ルート②(中房温泉・表銀座縦走 / 2〜3泊):中房温泉(燕岳登山口・約1,450m)→ 合戦尾根 → 燕山荘(約5時間・泊)→ 大下りの頭 → 切通岩 → 大天荘(約4時間・泊)→ 東天井岳(大天荘から約1時間)。森林限界上の稜線漫歩で槍・穂高の大展望が続く長大ルートです。
山頂・展望:東天井岳の山頂はなだらかな砂礫とハイマツの稜線上にあり、槍ヶ岳・穂高連峰・大天井岳・常念岳・横通岳から立山・後立山連峰までの大展望が広がります。
危険箇所:常念乗越〜横通岳〜東天井岳はおおむね歩きやすい稜線ですが、表銀座側の大天荘手前「切通岩」は鎖と鉄ハシゴのある岩場です。稜線は森林限界上で雨天・強風・ガス時は滑落・道迷いの危険が高まるため、無理をせず山小屋で停滞する判断も大切です。
山小屋(いずれも要予約):
・常念小屋(常念乗越・2,450m):収容約200名、例年4月下旬〜11月初、TEL 090-1430-3328、テン場あり。
・大天荘(大天井岳直下):2026年は6月13日〜11月3日泊、燕山荘グループ、予約TEL 0263-83-5810。

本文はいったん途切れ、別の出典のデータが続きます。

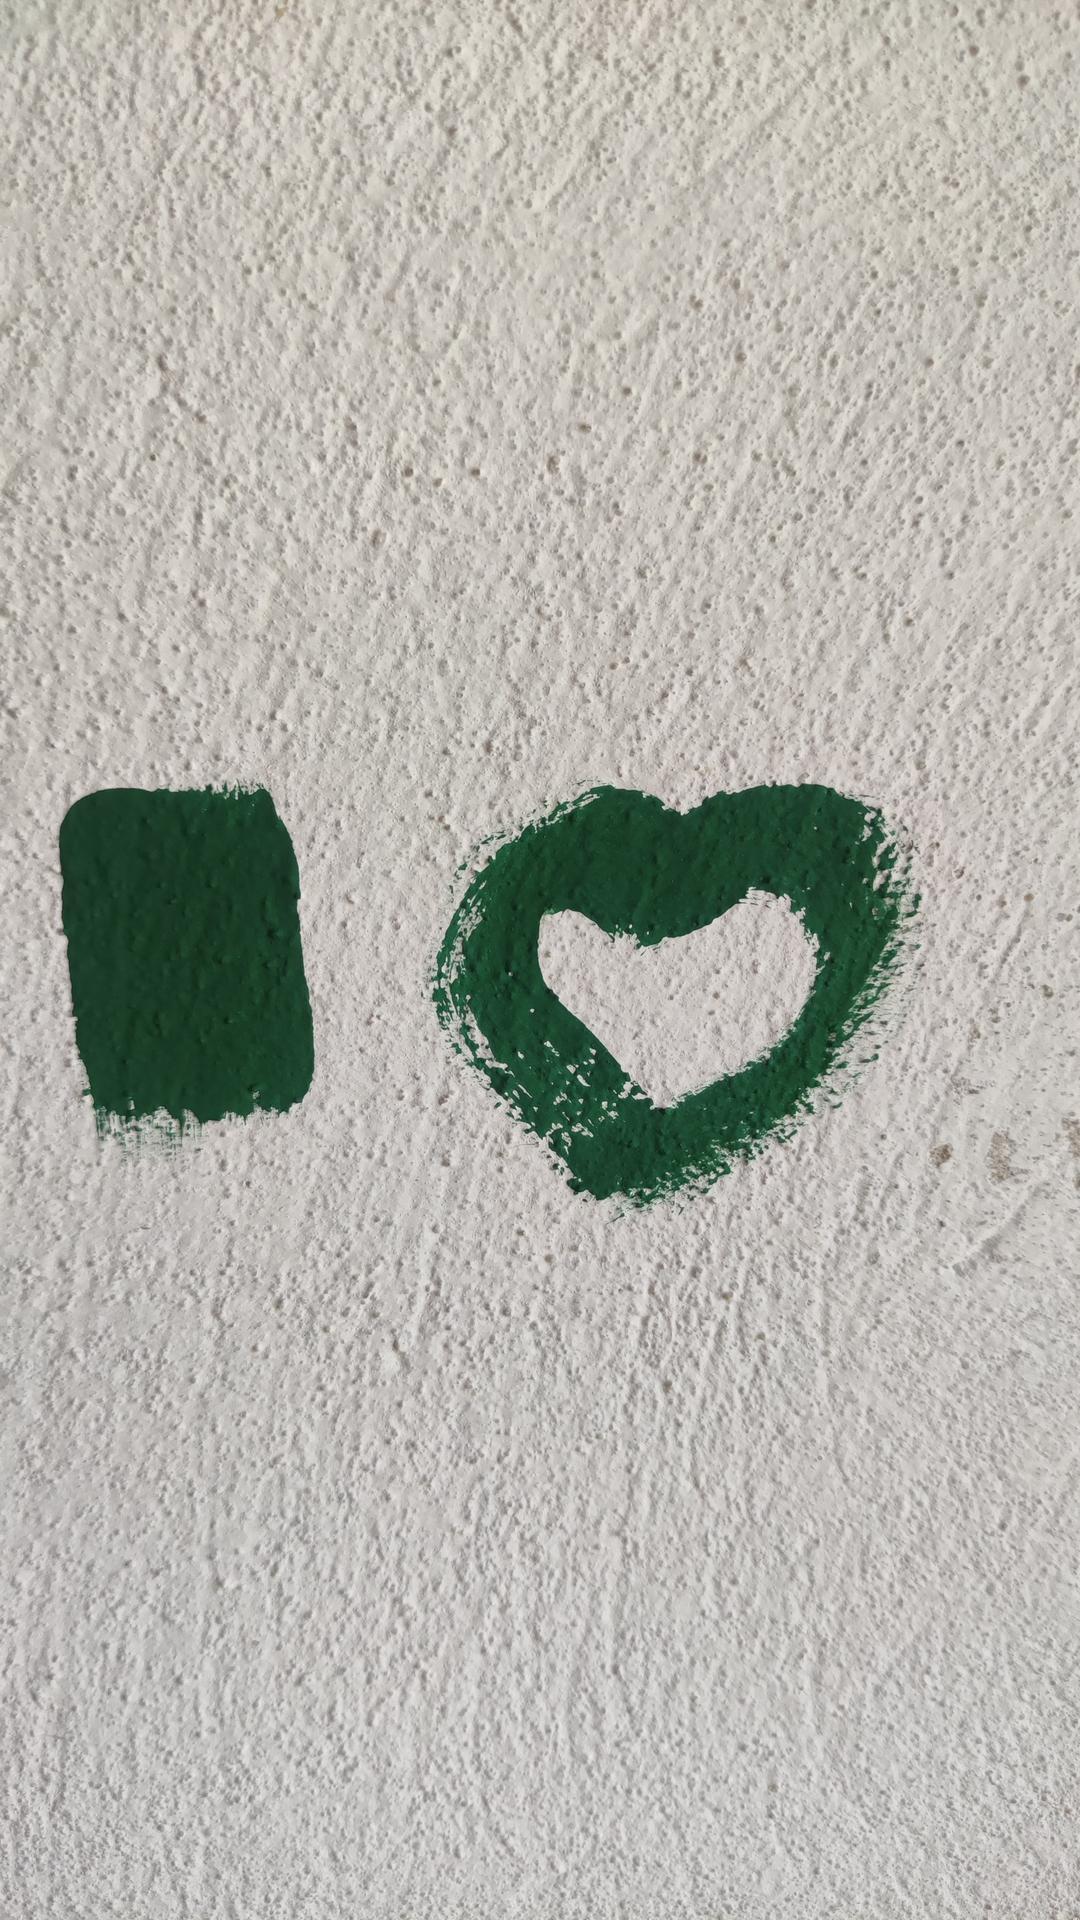 Dom vytvoríš rukami, domov jedine srdcom - Farba do spálne namiešaná....môžeme maľovať 🙂

・燕山荘(燕岳直下):予約TEL 0263-32-1535。
・大天井ヒュッテ(槍ヶ岳山荘グループ):表銀座・喜作新道側の拠点。
水・季節・装備:稜線に水場はほとんどなく、飲み水は山小屋で購入します(一ノ沢ルートは胸突八丁の水場あり)。適期は7月上旬〜10月上旬で、それ以外は積雪・凍結のため一般登山に適しません。レインウェア・防寒着・ヘッドランプ・地図/GPS・十分な水と行動食を携行してください。
緊急時:遭難・事故時は110番(警察)・119番(消防)。安曇野警察署 0263-72-3000 / 安曇野市危機管理課 0263-71-2080。